Why I'm using Surge and not GitHub Pages

3 minute readLast updated

Update: I've noticed that Surge hasn't seen many updates to its repo recently. It seems safe to use for now (I haven't seen any vulnerability warnings), but if the project ends dying off, Netlify and Zeit Now are great alternatives that offer similar benefits over GitHub Pages

GitHub Pages is so prolific at this point it likely needs no introduction. Surge, on the other hand, is a much lower profile project. It accomplishes the same goal as GitHub Pages, allowing one to publish their static site on an accessible URL of whatever name they choose complete with an "https." Where surge differs is in how that website gets put on the world wide web.

Surge lets you get from 0 to published in the command line without any extra setup. Once you install the package, you can use their CLI in your project directory to whip up an account...

👉 surge

    Welcome to surge!
    Please login or create an account by entering email and password:

    email: jamesKPolk@napoleonofthestump.gov
    password: 

enter your domain to deploy to...

    domain: forgottenpresidents.club

and boom 💥! You're up and running. Note I'm using a custom URL extension here as well. You can of course specify this if you have the rights to that domain, but you can omit the extension to use the totally free surge.sh.

The beauty of GitHub Pages is it will simply track your master branch and rebuild / publish your site whenever it gets updated. Thankfully, surge offers the option to hook into pushes and commits with a little addition to your package.json. This snippet will do the trick for redeploying on push:

"devDependencies": { "surge": "latest", "git-scripts": "0.2.1" },
    "git": { 
        "scripts": { "pre-push": "surge --project ./ 
        --domain forgottenpresidents.surge.sh" }
       }

Surge offers a few niceties that GitHub Pages won't out of the box. For one, you obviously don't need to use GitHub to manage your version control, so you can use any custom solution you desire and still deploy with the same surge command.

Another is an advantage that Zeit Now also fails to address: client side routing fallbacks.

Extending our James K. Polk example, say we deployed a simple project folder with a few html files:

    ./build
      - index.html
      - what_i_stand_for.html
      - donate_now.html
      - 200.html

Notice our 200.html added at the bottom. This acts as a fallback to serve up whenever a given route is invalid. Assuming these are all the html files in our build, we know someone visiting, say, forgottenpresidents.club/sendfanmail would get a 404 since that file doesn't exist. However, since we have a 200.html, Surge knows to just serve up this page instead since it's a fallback. This is more flexible than the traditional 404.html to catch errors since we sometimes don't want certain paths to result in a 404, like a dynamic username in the URL that gets handled in JavaScript but should always route to the same base page. This makes routing a bit cleaner whether you're using a library like React router or just tapping into the browser's history API on your own, since we don't have to deal with redirects anymore 🎉

The last major benefit is one shared by Zeit Now: deploying whenever you want in a matter of seconds. Rather than dirtying up your commit history, you can just deploy your changes instantly and see how they look. This was super useful recently when testing out a mobile layout for a site I was developing, where mobile Safari was being a bit more finicky than my mobile viewer in Chrome. I could just deploy my changes to whatever URL I chose and see my edits as soon as I refreshed the page!
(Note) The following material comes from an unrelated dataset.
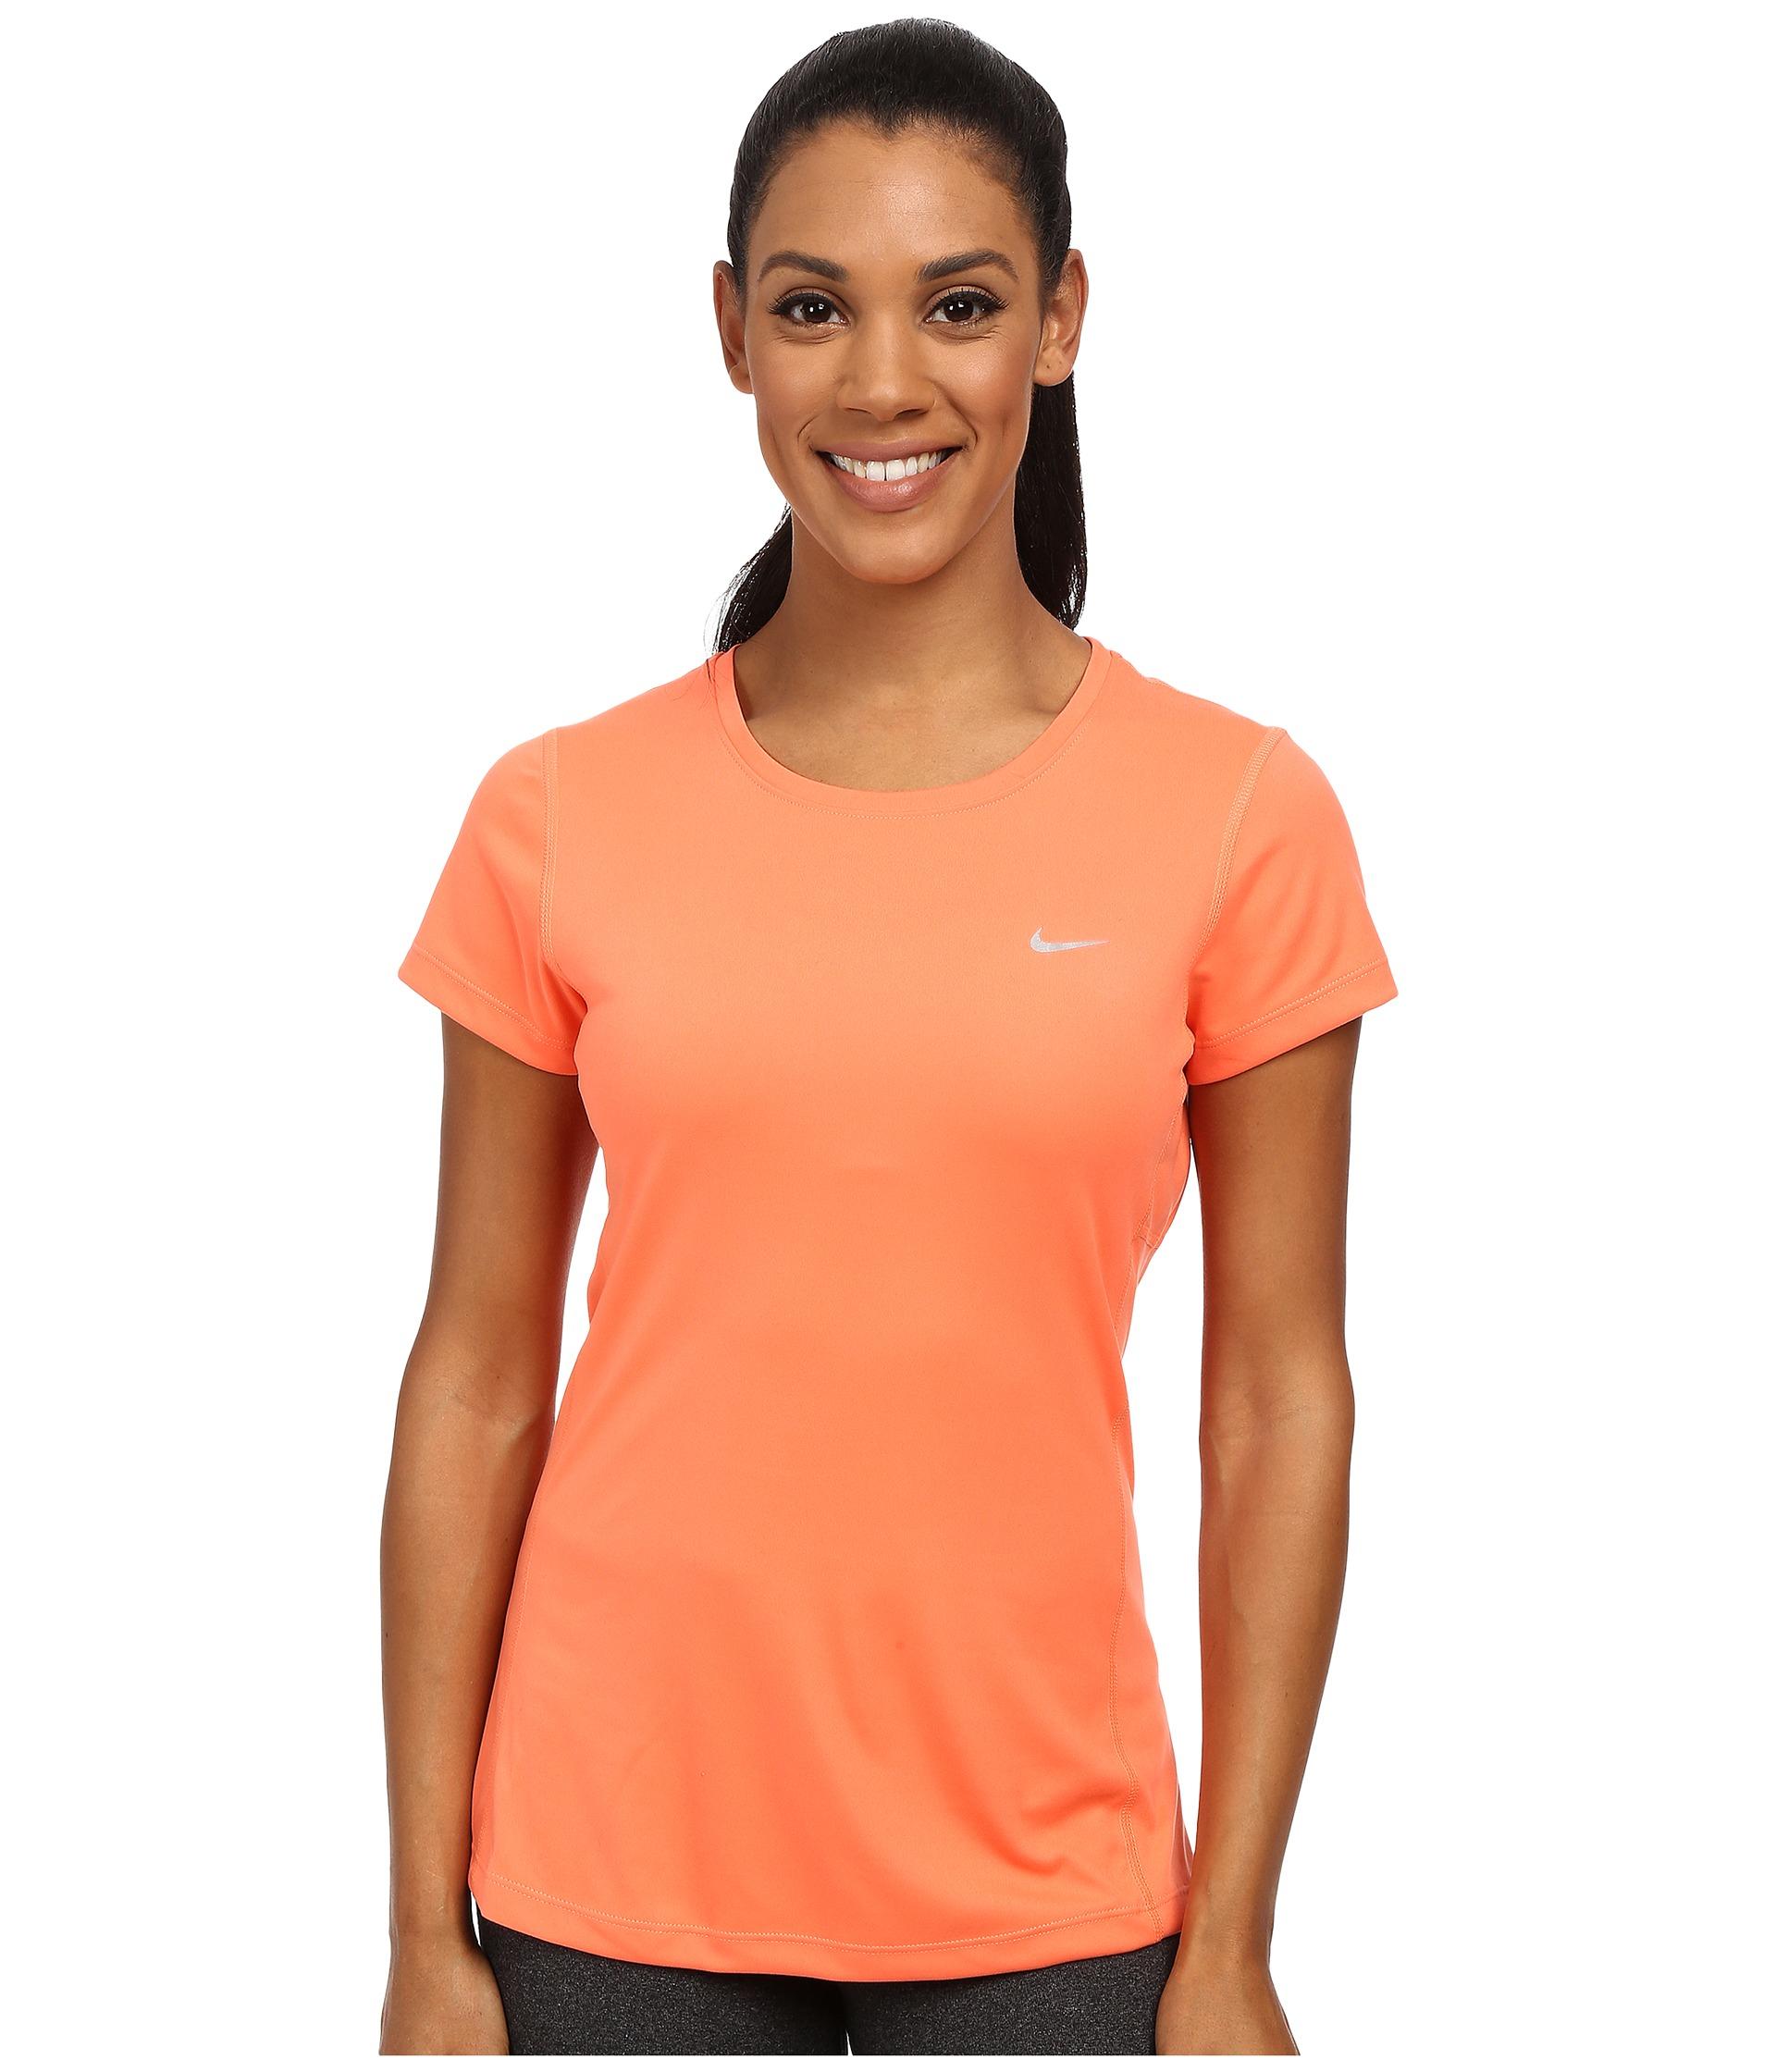 sale retailer 00cb9 b0801 Nike Dri-fit™ Miler Short Sleeve Top in Orange - Lyst

So Surge was built to be really good at doing a very specific task. If you have anything more than a static site or client side application, there's sadly not much you can do with this tool. Any fancy backend you have would need to be deployed separately, or you can use the aforementioned Zeit Now to deploy everything in one place. Now is a much more flexible tool that's quickly gaining traction, but I've stayed loyal to Surge because of the routing niceties and lack of any necessary config files.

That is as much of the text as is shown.